There’s absolutely no doubt that being in T13th or better at this stage is important because 23 of the last 25 winners of the Claret Jug were in that position after 36 holes. It’s repeated in the other event that define a golfer’s career. Of the last 100 majors held, only five saw a winner emerge from outside the top 15 at halfway.

Open champions tend to have a game that makes life easy for themselves. Five of the last nine winners ranked top three for hitting Greens in Regulation; the other four ranked top five for Scrambling. In other words, they were ticking off the pars. Then nine of the last 10 winners ranked 11th or better for Putt Average – they were taking advantage of enough birdie opportunities.

Let’s also recall a few other trends: nine of the last 10 winners had already recorded a championship top 10, nine of 10 played the week before the event, eight of the last 10 champions were already winners that year.

 

 

Who do those numbers favour? Well, Morikawa, Scheffler and Frittelli suffer with their Open inexperience; the latter two also have no win this year.

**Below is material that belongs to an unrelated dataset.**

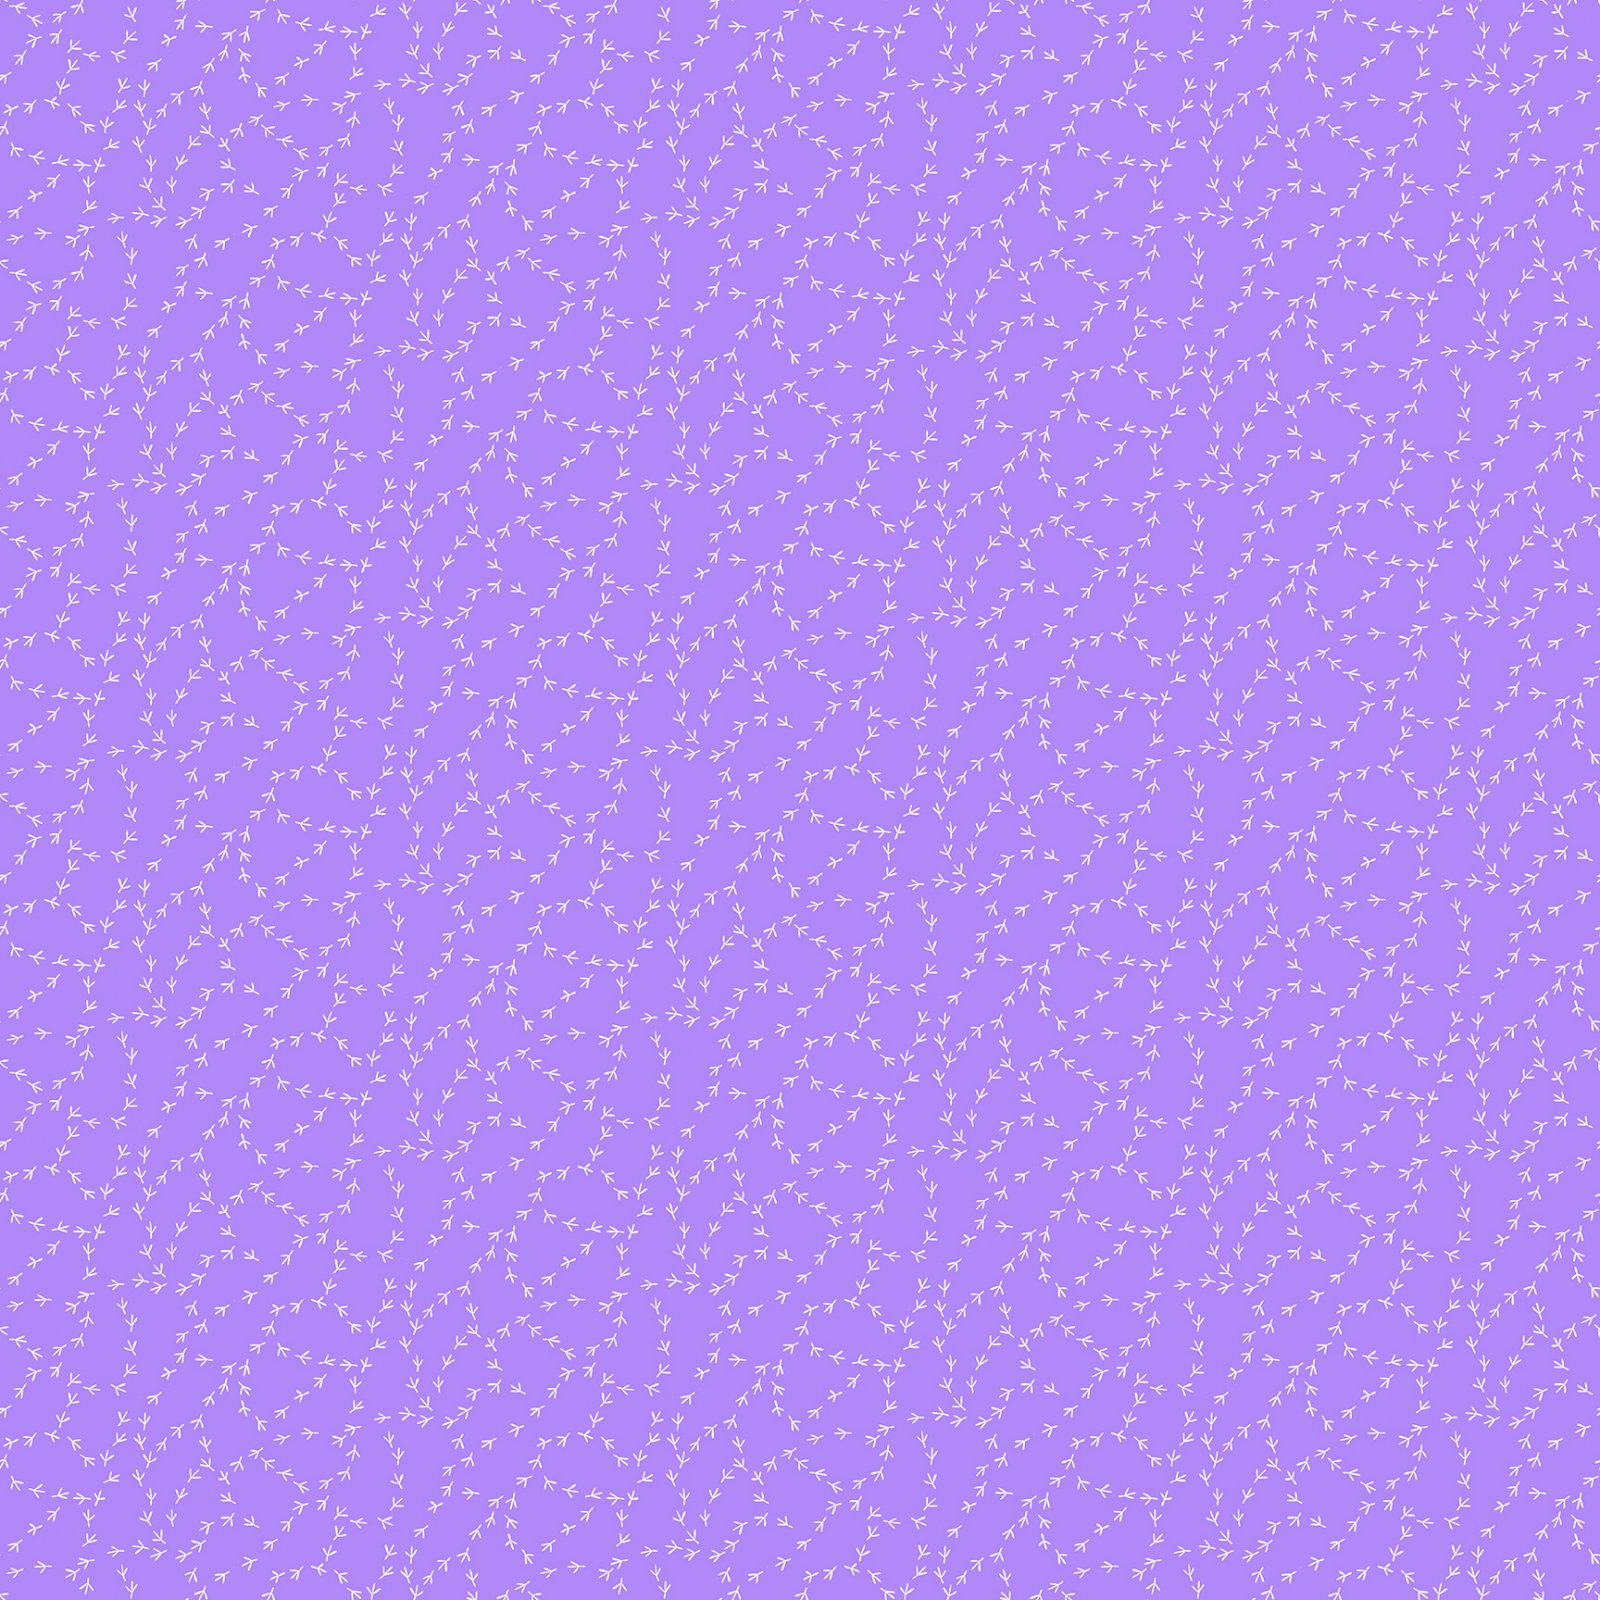 Purple tracks

The top trio are right on track with the stats, but their prices are about right: Oosthuizen 9/4, Spieth and Morikawa both 9/2. If I were to favour any of them it would be Spieth, but we’re on him from the get-go at 18/1 so he’s covered.

I’m not convinced that Johnson is yet playing well enough to back at 15/2 and Rahm lacks an Open top 10. I haven’t mentioned the unlikely five players currently tied seventh (Dani Von Tonder, Emiliano Grillo, Marcel Siem, Andy Sullivan and Justin Harding), but inexperience counts against them.

I’m most tempted by Paul Casey. “Very, very happy where I stand right now,” he said after a 67 for T12th. He praised his relatively new left-below-right putting grip for improved short putting and that was a key element for Darren Clarke when he won at Royal St George’s 10 years ago.

Casey has an Open top 10 and he has a win this year. That’s the good news. Less good is that he didn’t play last week, but he did get to celebrate earning qualification for the Olympics and it prompted him to say: “The older I get, the better things seem to get. The Open, I'm obviously mega excited about next week. It seems to make it more exciting as an Englishman playing in England. Then it's the Olympics and the Ryder Cup. I've got a great opportunity here to have a summer which could define my career, if I capture lightening in a bottle.”

He very nearly won the PGA Championship last August, only one man scored better than him over the last 54 holes of last September’s US Open, he briefly led November’s Masters, he was fourth in May’s PGA Championship, and seventh in last month’s US Open. He’s in great major championship form, in other words. I like him at 33/1.